Broking industry faces consumer awareness problem: report

There is a major consumer awareness issue when it comes to the mortgage broking channel, according to a report by a major bank



There is a major consumer awareness issue when it comes to the mortgage broking channel, according to a new report released by NAB Broker.

The report, Engaging consumers and empowering brokers: Essential knowledge on today’s lending market, released yesterday by NAB Broker in partnership with Genworth and RFi Group, revealed some telling statistics about consumer sentiment towards the third party channel.

According to the report – which surveyed 1,000 aspiring home buyers and broker applicants – over one third (35%) of prospective homebuyers were unlikely to use brokers because they had not even considered it. 

“That is an awareness thing,” NAB Broker general manager, Steve Kane said at the release of the data.

“That is really quite interesting given 52.5% of mortgages are done through brokers so there is an enormous opportunity around awareness in the marketplace for brokers. [The broking industry] is quite insular – we know everything that goes on it but do we still get out to the wider public in the sense of this is what mortgage broking is actually about?”

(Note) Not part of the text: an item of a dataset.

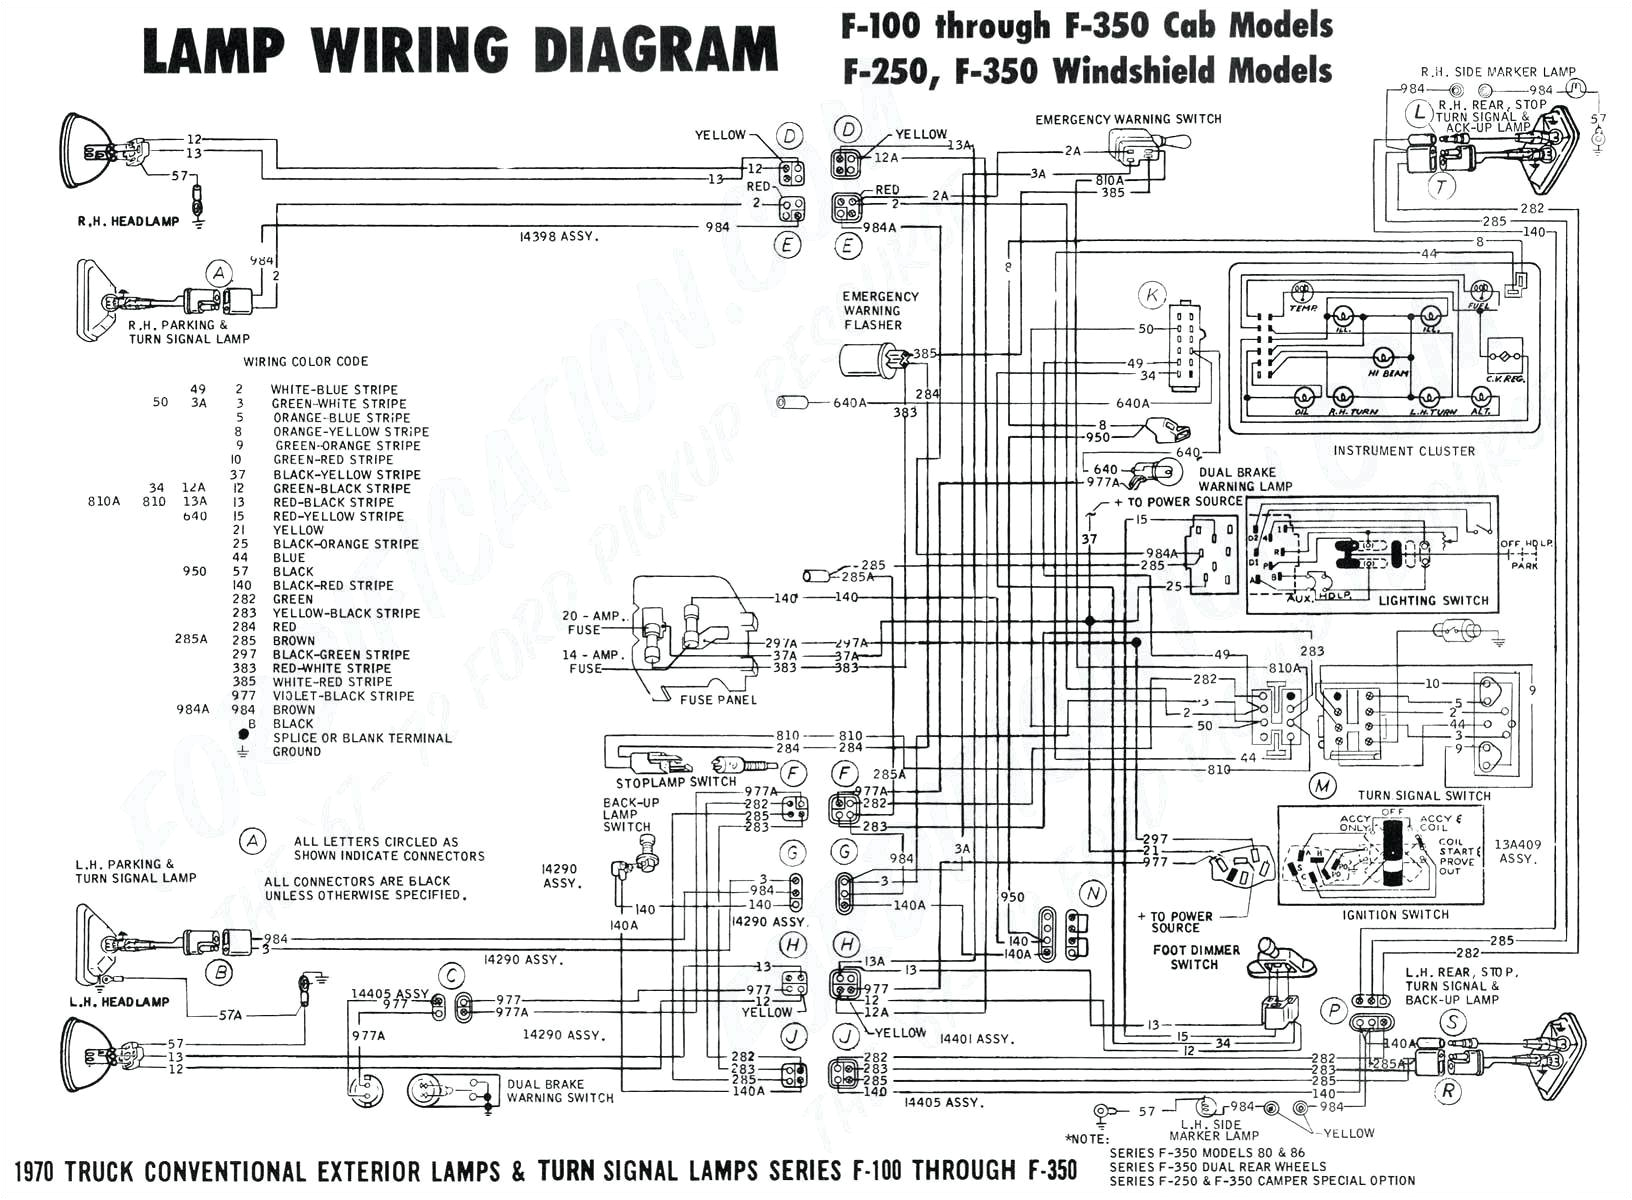 electrical switch wiring diagram free download premium wiring low voltage switch wiring diagram free download
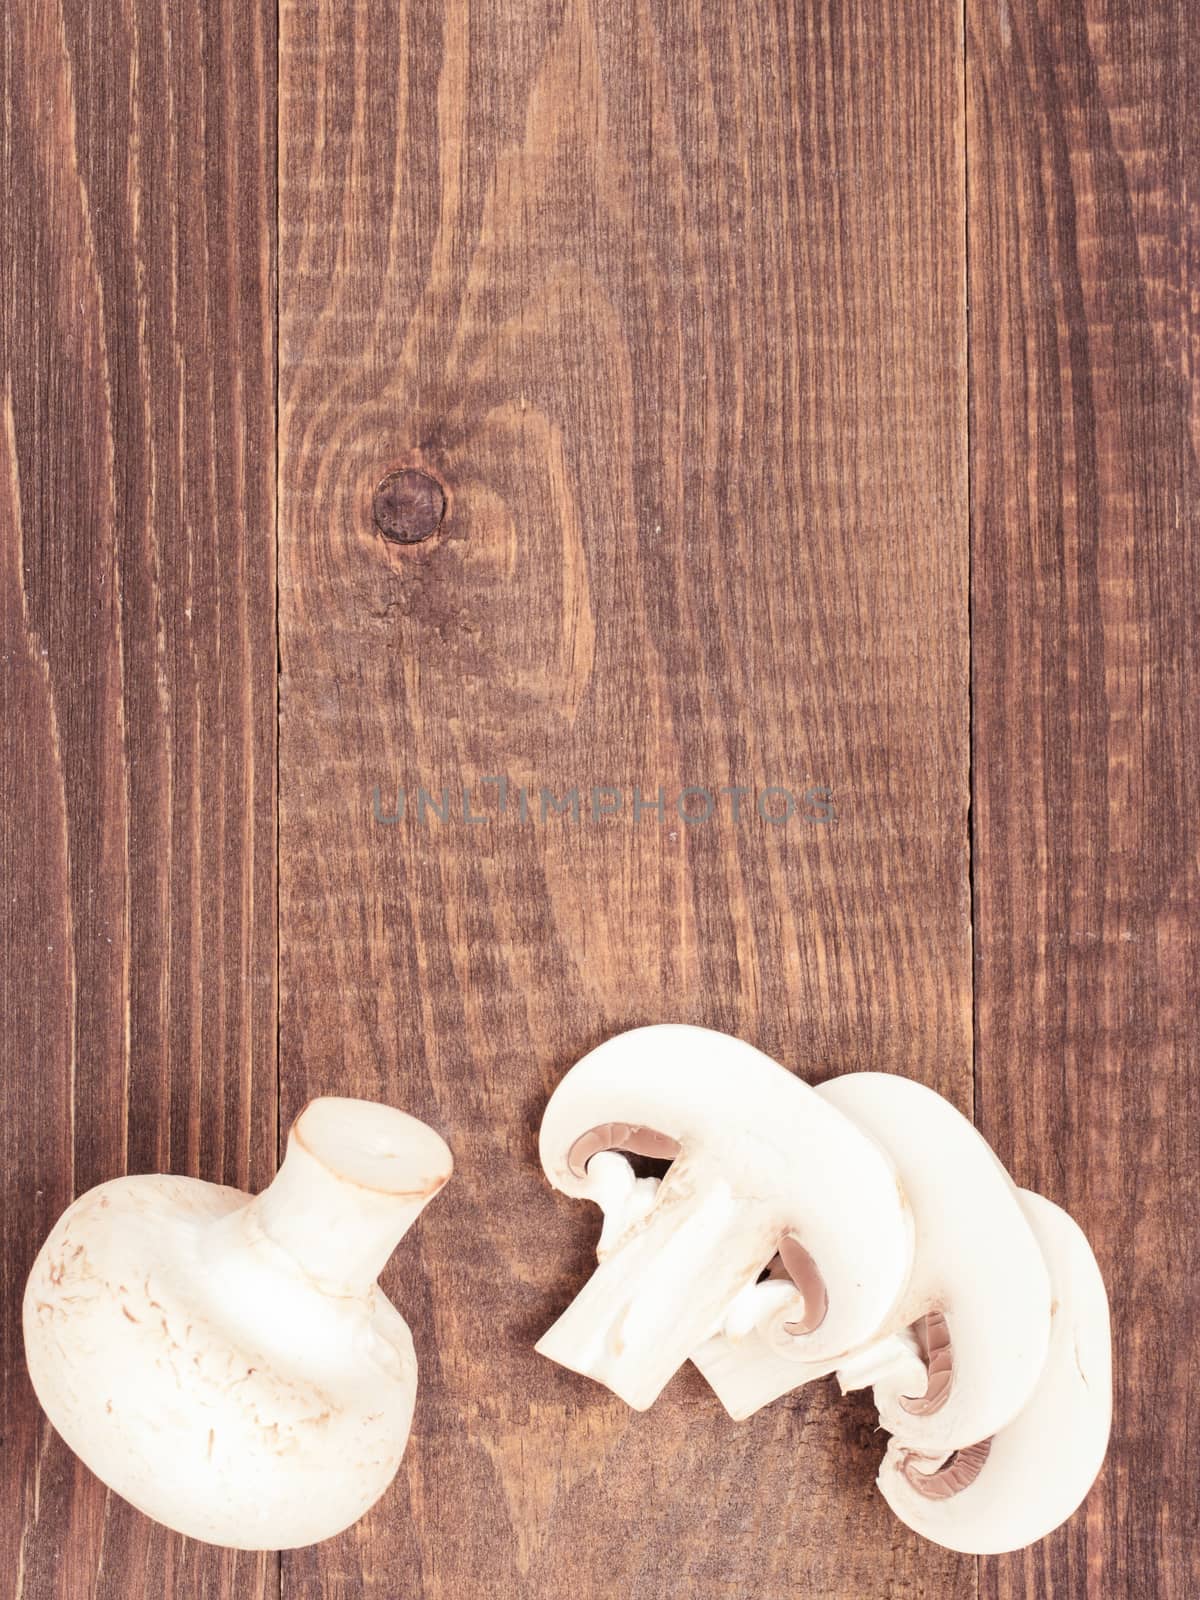 Fresh white champignon mushrooms close up on wooden background by fascinadora

Further, almost half (47%) of those likely to use a broker expected to pay a fee – a statistic which Kane says is also very telling.

“There are brokers that charge fees, there is no doubt about it – probably around 15% of the market – but to think that half of the respondents thought that they would have to pay a fee if they go to a broker once again shows that the actual selling proposition and customer value proposition to the wider market is not clear.”

Whilst Kane says the onus of promoting consumer awareness falls on everyone – lenders, associations, aggregators and brokers – he said that the MFAA and FBAA should be taking a lead role in promoting consumer awareness.

“…[A]s the industry matures, groups like the industry peak bodies need to take a lead role in doing this sort of thing. I think that is where they should put their emphasis and it’s really about developing the professionalism of the industry by making available the training and methodologies,” he said.

However, the report revealed that brokers need to take more responsibility in ongoing consumer education, once a consumer is directed to the channel. According to the report, one in five (21%) ‘dissatisfied’ respondents said that they had not been contacted by their broker after taking out a loan.

“It did surprise me a little bit that the numbers are so high about [brokers] not communicating to their customers. To me, every big institution spends lots and lots of money, effort and time communicating with customers. NAB and all the other banks are a brand, they are a branded proposition. But brokers, where the vast majority do not have a brand, you would think they would be spending all their time having secured that customer making sure they keep that customer,” Kane said.

“At the back-end, [NAB] see a lot of customers coming to us saying they want to do this or that and we try to be very, very transparent and look after the primacy of the relationship that the broker has, so we ask ‘have you spoken to your broker about this’ but [the broker] hasn’t spoken to them in about three years since they wrote the loan. It is a common theme. 

“We have a pilot going where we have been contacting customers and we have saved a significant amount of trail for a significant amount of brokers simply because we have acted in keeping the broker’s primacy and keeping them front of mind... It really is interesting that many customers are saying they really need to do something now but their broker hasn’t spoken to them so they don’t even know if they still exist.”